Mit seiner in Norwegens Hauptstadt Oslo angesiedelten Trilogie über Liebe, Träume und Sehnsüchte bzw. Sex hinterließ der 1964 geborene Regisseur, Drehbuchautor und Romanautor bleibenden Eindruck bei diversen Filmfestivals. Nun kommt die Trilogie in umgekehrter Reihenfolge in die deutschen Lichtspielhäuser. Wer aufregendes Kino erwartet, wird jedoch enttäuscht.
Geschwätzige Festivallieblinge
Die drei Filme waren bei zahlreichen renommierten Festivals zu Gast – und kamen dort gut an; "Oslo Stories: Träume", der zweite Teil der Trilogie, gewann im Februar 2025 gar den Goldenen Bären der 75. Berlinale. Was ein wenig verwundert, setzt Haugerud in seiner Trilogie doch so gut wie überhaupt nicht auf typisch filmische Erzählmittel, sondern vor allem auf Dialoge. Wären diese wenigsten gut geschrieben, man würde es dem Drehbuchautor Haugerud nachsehen. Doch pointierten Dialogwitz sucht man in allen drei Filmen vergebens.
Stattdessen tasten sich die Protagonisten unter Verwendung einer Unmenge Füllwörter schüchtern durch ihre Konversationen. Was sich wohlwollend als "realistisch" auslegen ließe: Hier schaut ein Filmemacher seinen Mitmenschen aufs Maul, anstatt ihnen filmreife Sätze in den Mund zu legen. Diese Auslegung hat durchaus etwas für sich. Denn in ihren besten Momenten gelingt es der Oslo-Trilogie, eine beachtliche Nähe zu den Figuren herzustellen. In ihren schlechtesten Momenten – und davon gibt es viele – sind die Szenen einfach nur geschwätzig. Schnell macht sich Langeweile breit.
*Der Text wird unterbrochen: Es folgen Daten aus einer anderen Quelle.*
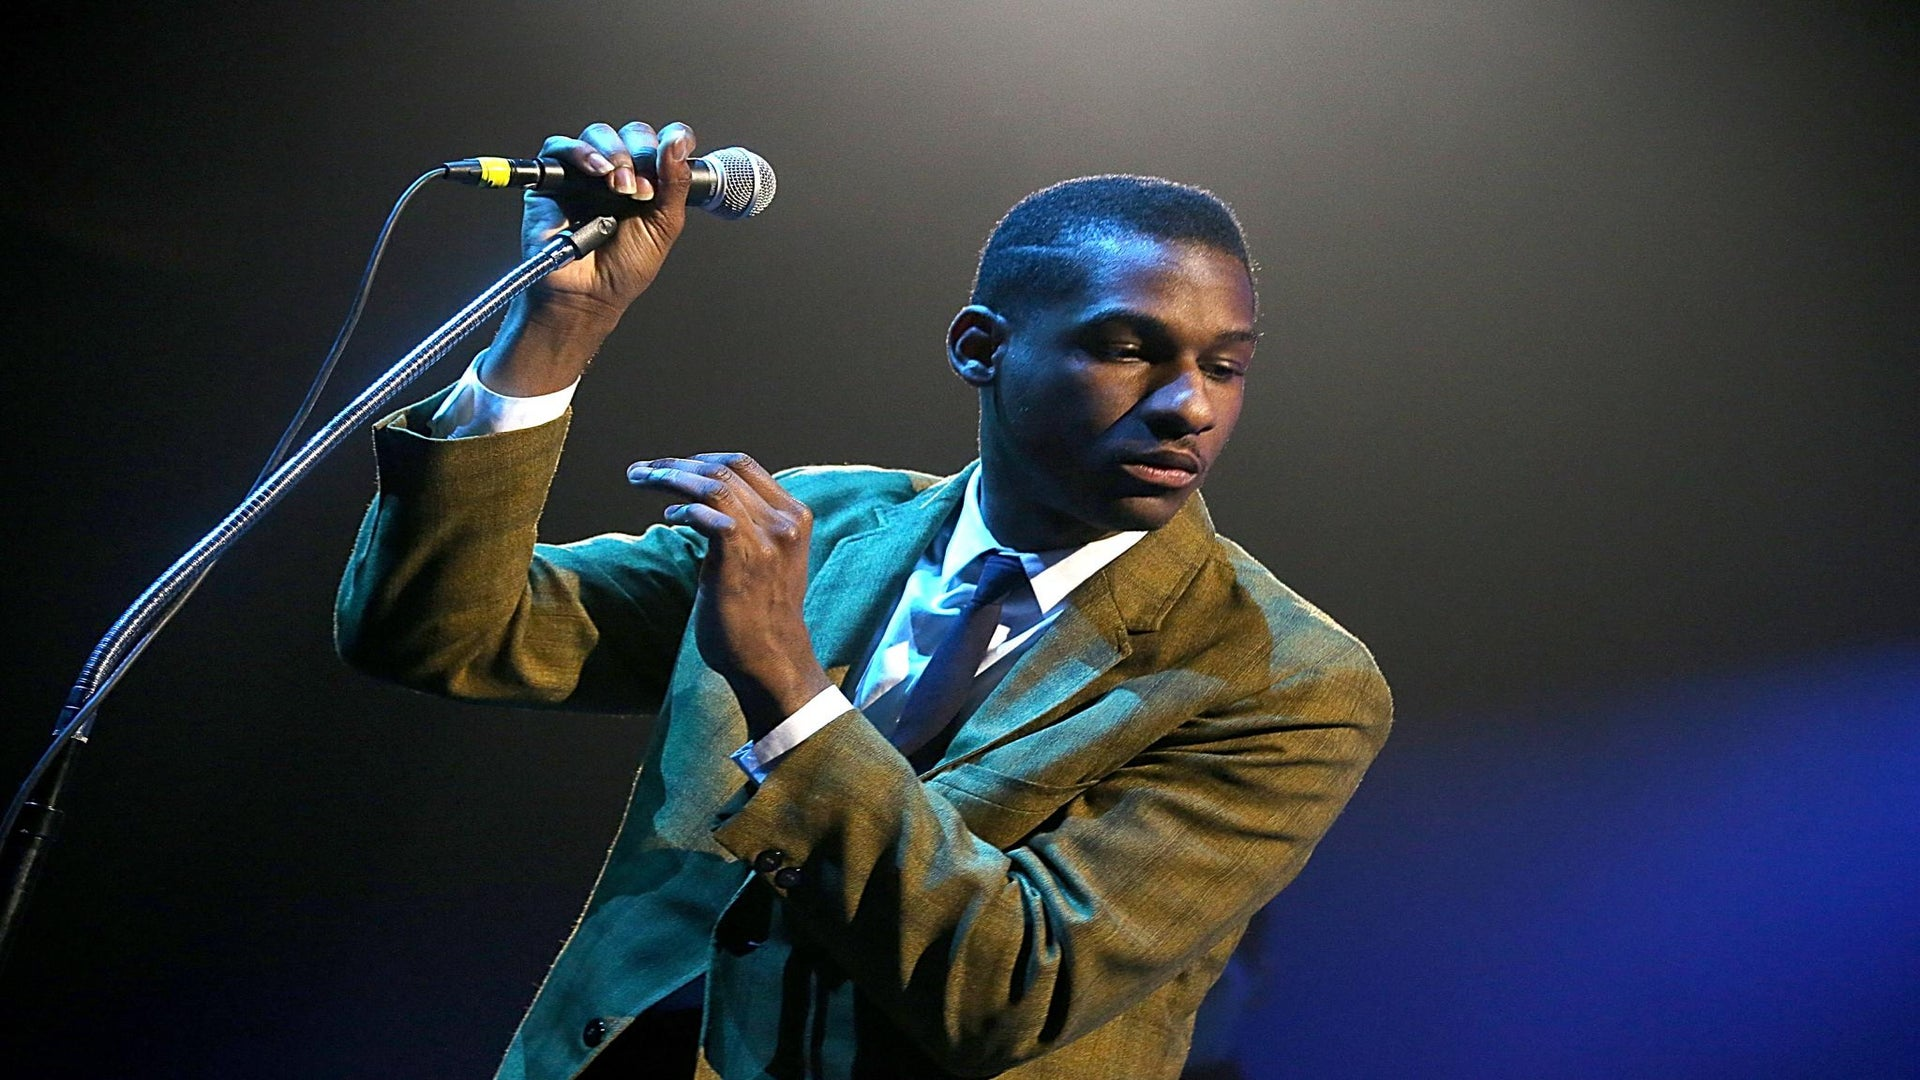 ESSENCE Festival Artist Leon Bridges: My Life in 10 Songs

Offenheit als Gedankenspiel
"Sehnsucht", der eigentliche Auftakt der Trilogie, beschließt die deutschen Kinostarts. Warum dem so ist, darüber lässt sich nur spekulieren. Ein Grund könnte sein, dass der Handlungsort Oslo, der alle drei Filme lose miteinander verbindet, in "Liebe", dem Finale der Trilogie, am anschaulichsten eingeführt wird, was dazu geführt haben könnte, diesen Film hierzulande an den Anfang und nicht ans Ende stellen. Ein anderer Grund könnte die Handlung von "Sehnsucht" sein. Denn was das Provokationspotenzial in Bezug auf einen offenen Umgang mit sexuellen Beziehungen anbelangt, birgt "Sehnsucht" – nicht nur in konservativen Kreisen – sicherlich das größte Potenzial. In ihren Rollen als befreundete Schornsteinfeger fordern Jan Gunnar Røise und Thorbjørn Harr gängige Geschlechter- und Gendernormen heraus.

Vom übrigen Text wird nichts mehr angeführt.